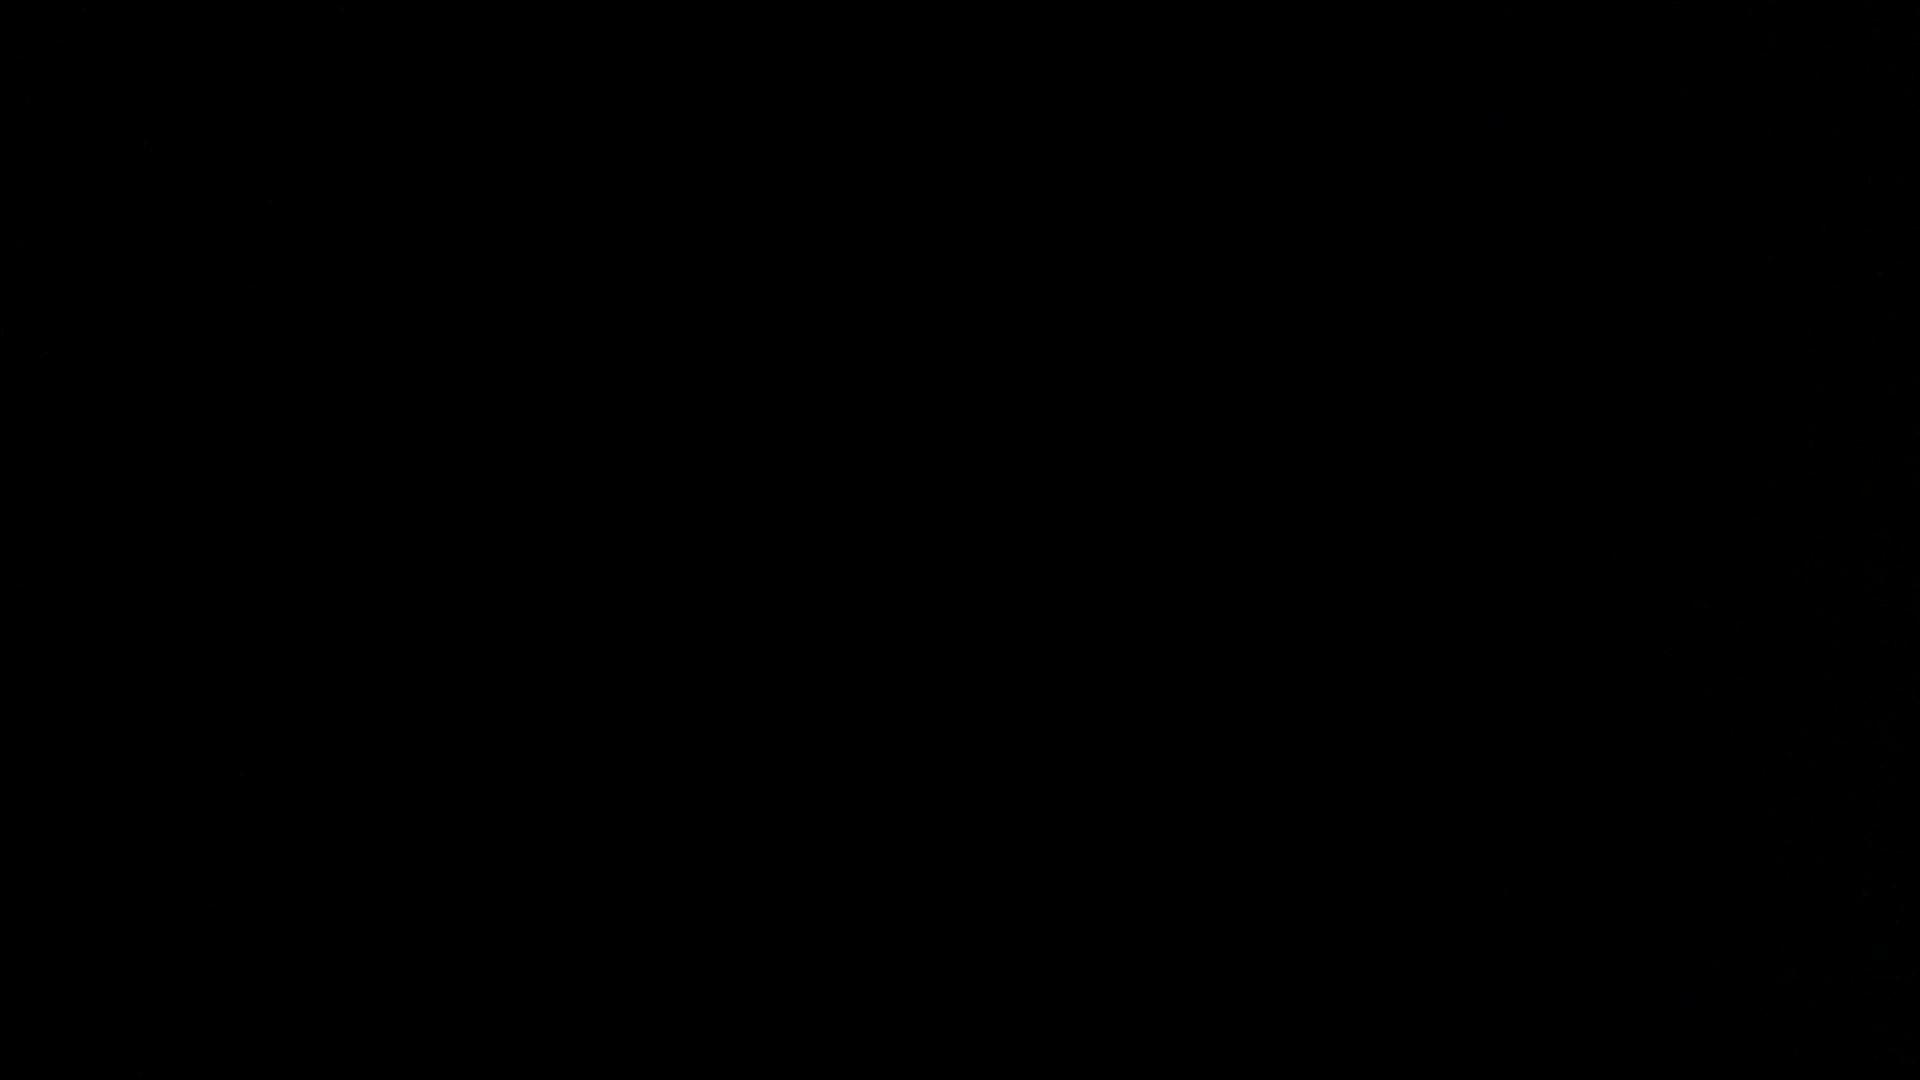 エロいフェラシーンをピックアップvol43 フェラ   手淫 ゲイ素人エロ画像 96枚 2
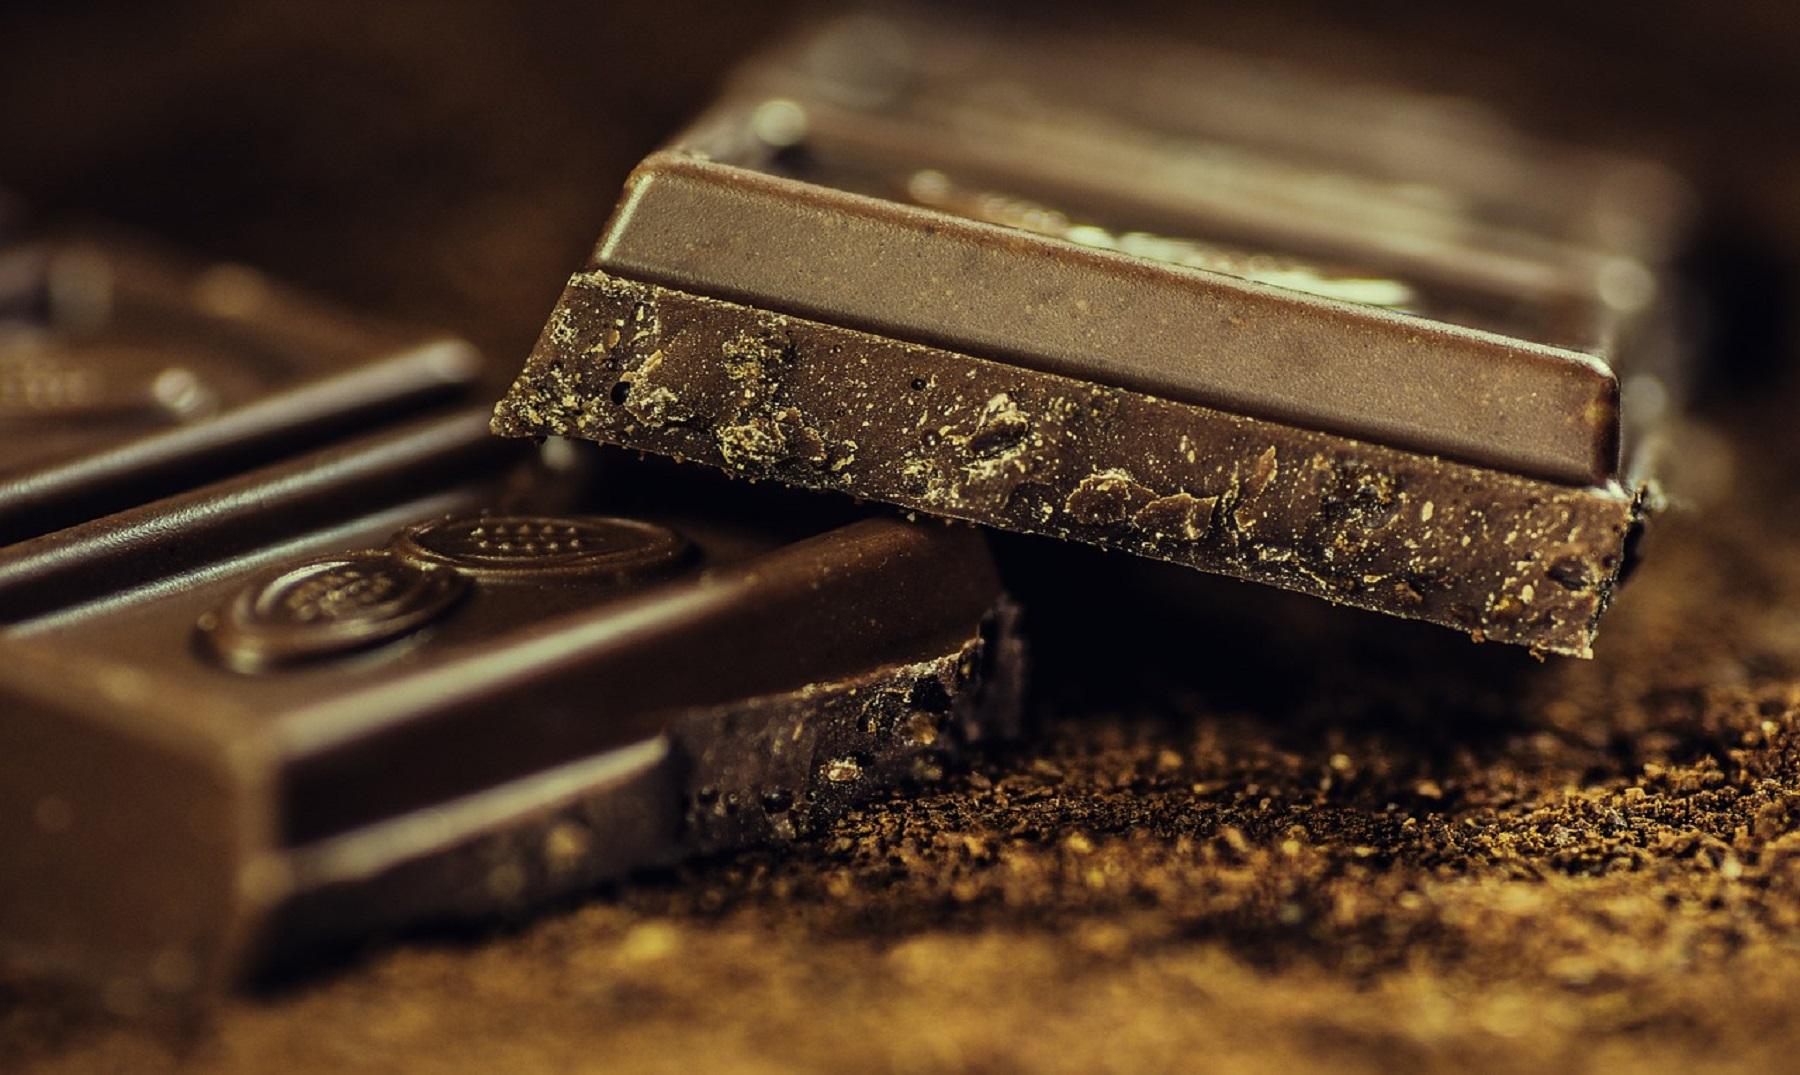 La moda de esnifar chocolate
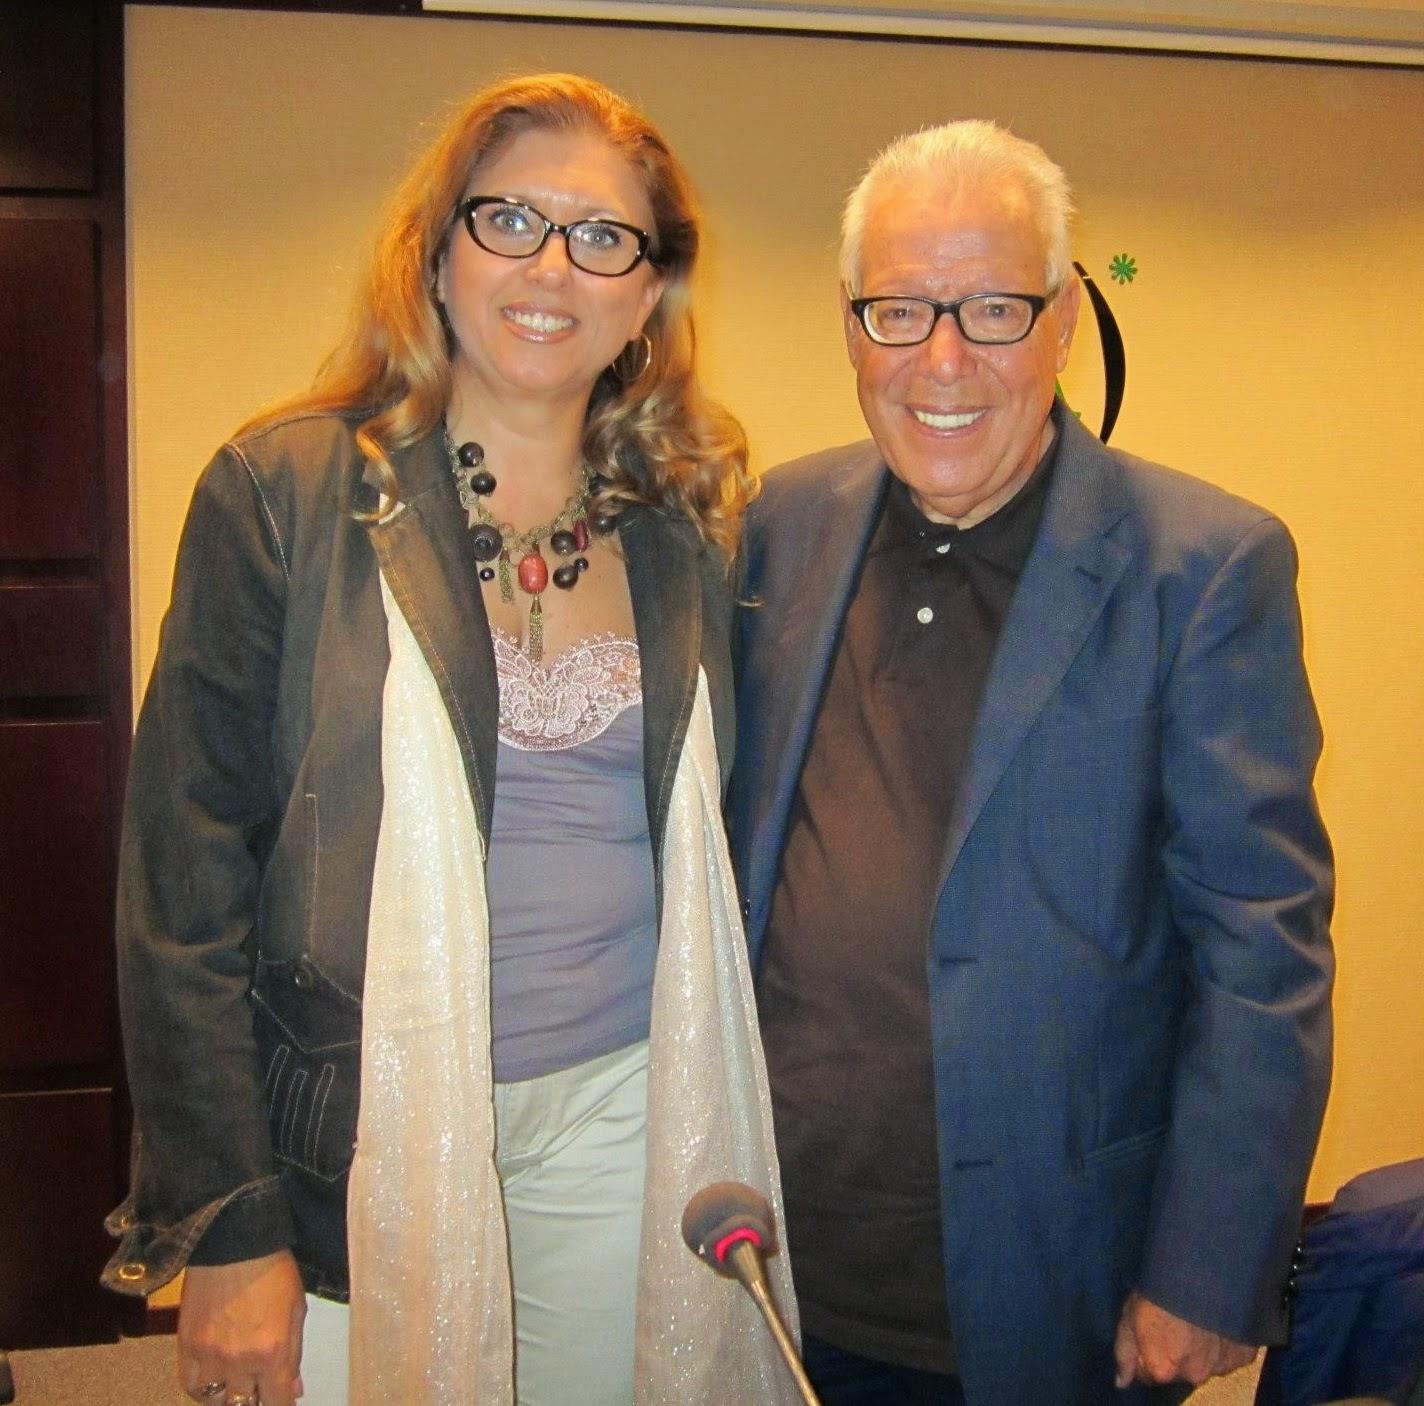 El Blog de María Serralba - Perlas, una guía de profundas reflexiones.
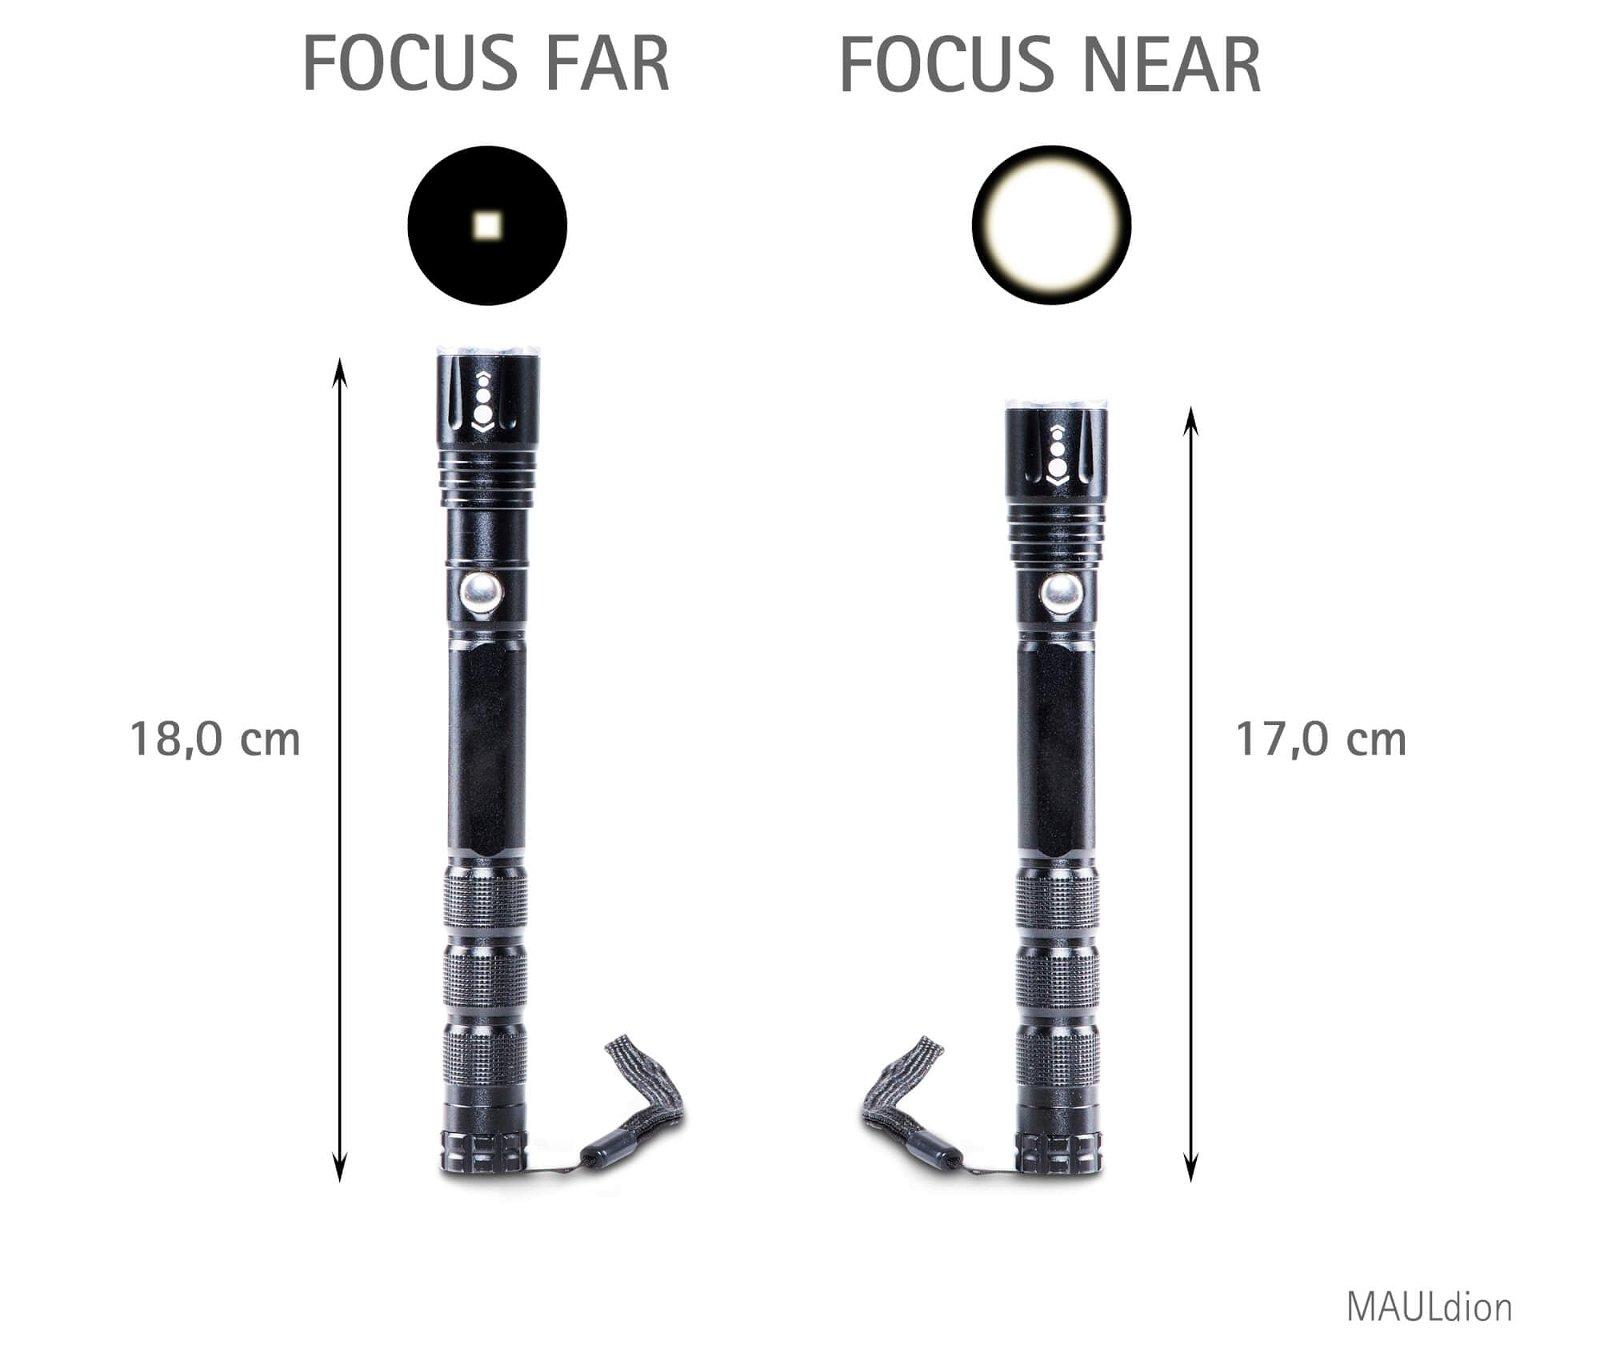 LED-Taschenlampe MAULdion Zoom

Work task:
Both the line containing "El Blog de María" and the last line of the listing above belong in the copy, along with every line between them; retype them exactly and omit the pictures.

Problem solution:
 El Blog de María Serralba - Perlas, una guía de profundas reflexiones.
 LED-Taschenlampe MAULdion Zoom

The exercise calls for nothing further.